Hi Gavin: another way [using your idea] is:
The data-frame we will use is oilstocks which contains a variety of variables related to the changes over time of the oil and gas stocks.
The variables are:
colnames(stocks)
"bpV" "bpO" "bpC" "bpMN" "bpMX" "emdate" "emV" "emO" "emC"
"emMN" "emMN.1" "chdate" "chV" "cbO" "chC" "chMN" "chMX"
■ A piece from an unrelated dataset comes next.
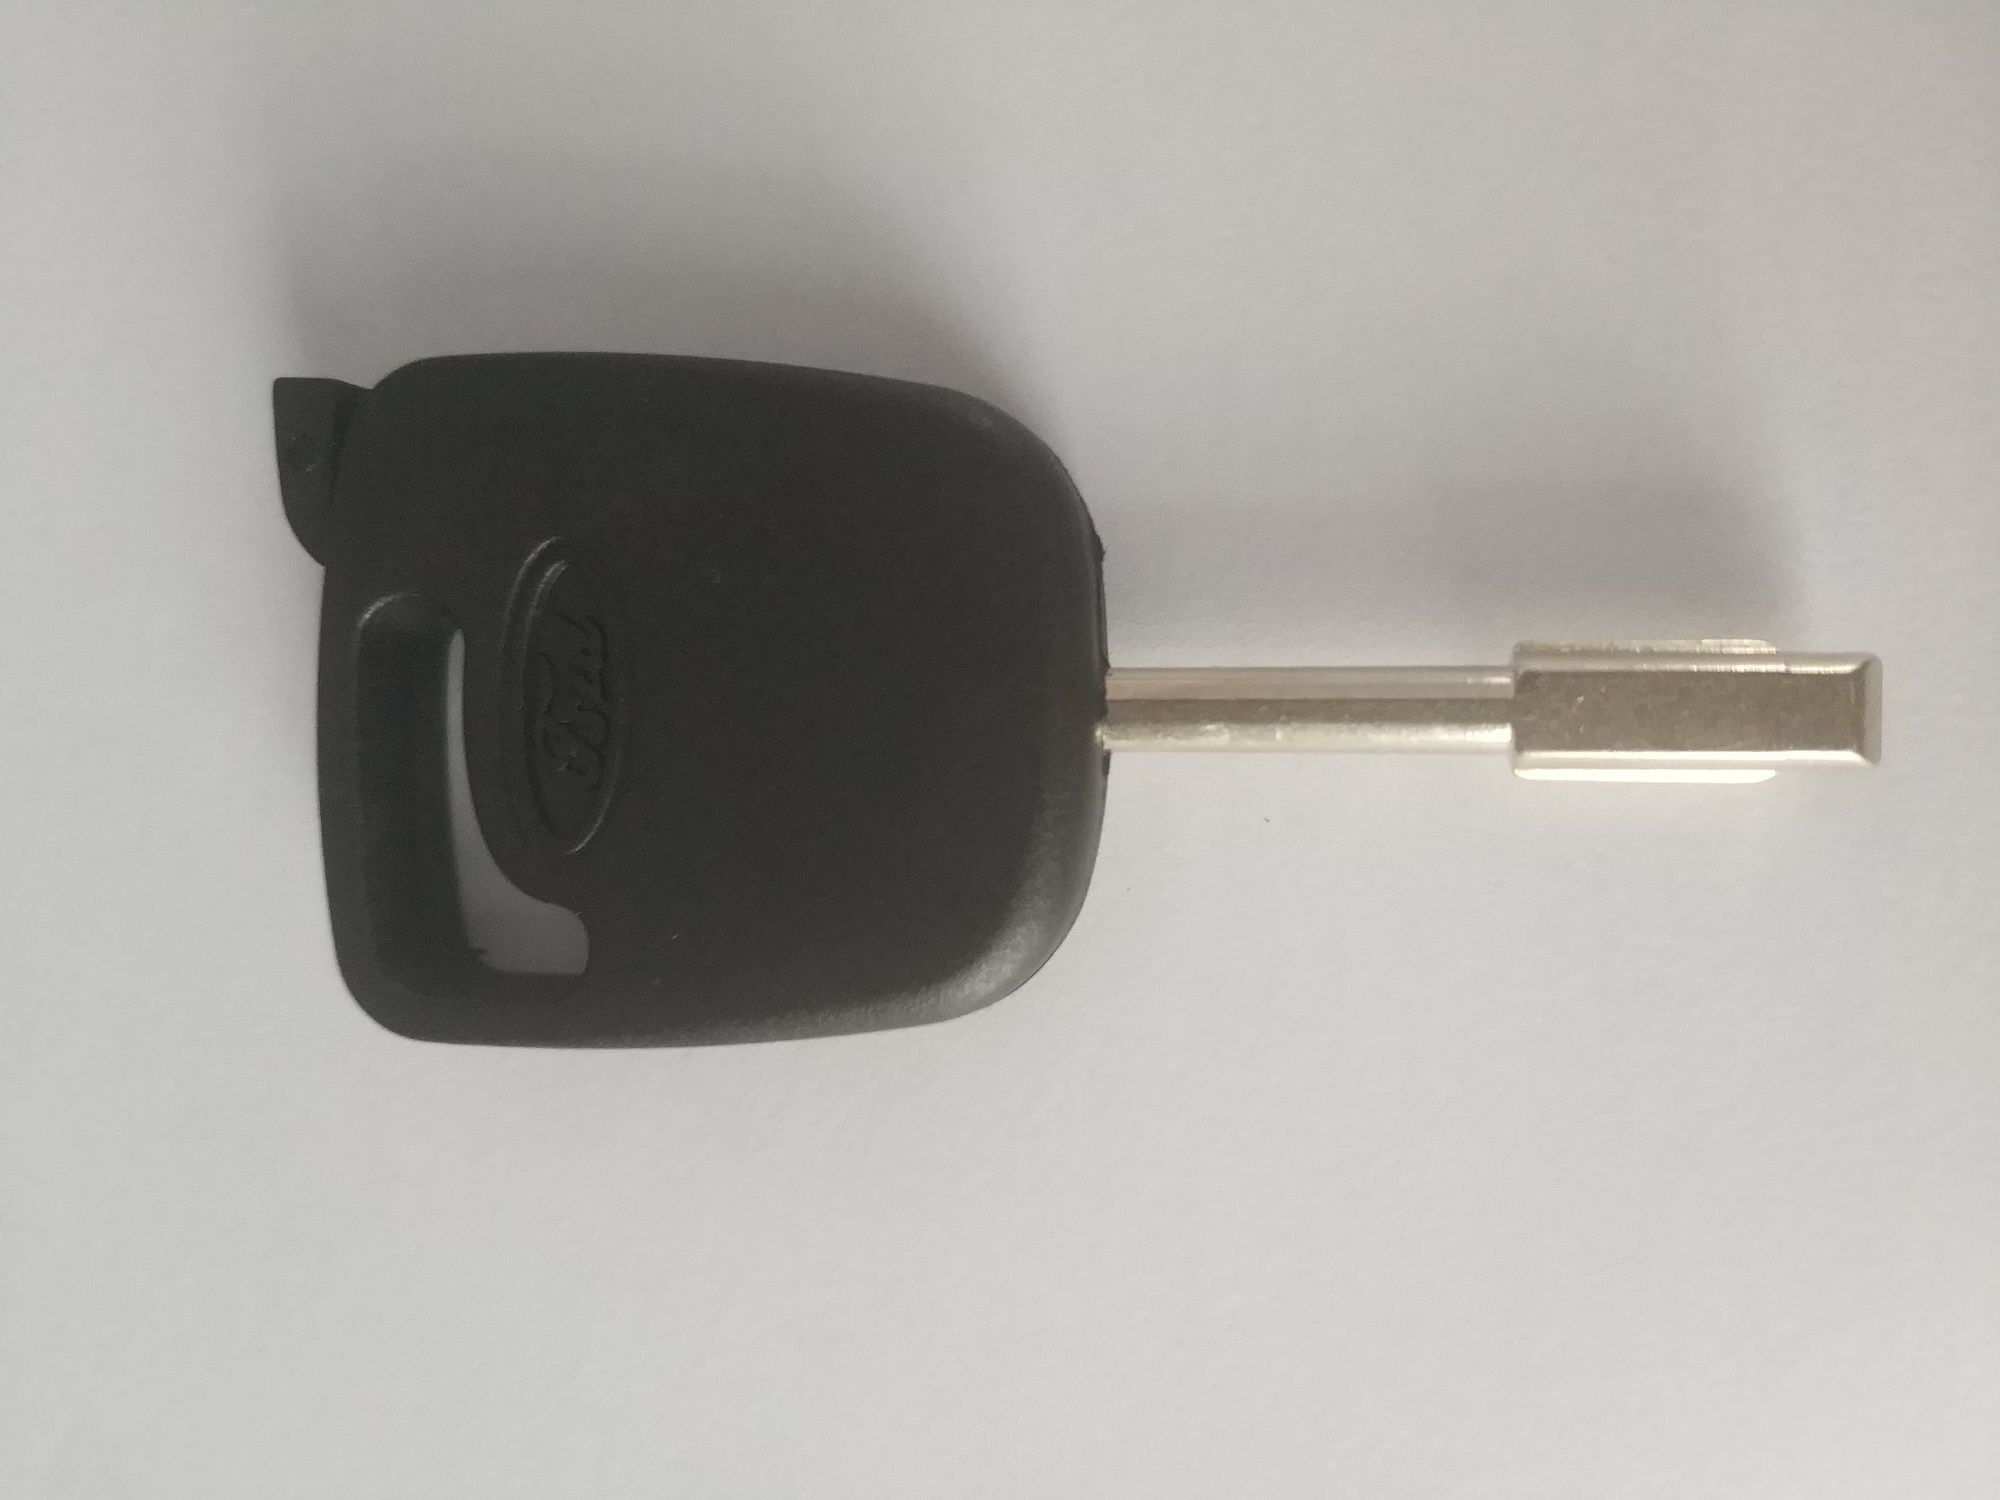 Обикновен ключ за Ford,с място за чип транспондер.

One of the first things to do is change the emdate field, which is an integer vector, into a date vector.
realdate<-as.Date(emdate,format="%m/%d/%Y")
Next we want to split emdate column into three separate columns representing month, day and year using the idea supplied by you.
> dfdate <- data.frame(date=realdate)
year=as.numeric (format(realdate,"%Y"))
month=as.numeric (format(realdate,"%m"))
day=as.numeric (format(realdate,"%d"))
ls() will include the individual vectors, day, month, year and dfdate.
Now merge the dfdate, day, month, year into the original data-frame [stocks].
ostocks<-cbind(dfdate,day,month,year,stocks)
colnames(ostocks)
"date" "day" "month" "year" "bpV" "bpO" "bpC" "bpMN" "bpMX" "emdate" "emV" "emO" "emC" "emMN" "emMX" "chdate" "chV"
"cbO" "chC" "chMN" "chMX"
Similar results and I also have date, day, month, year as separate vectors outside of the df.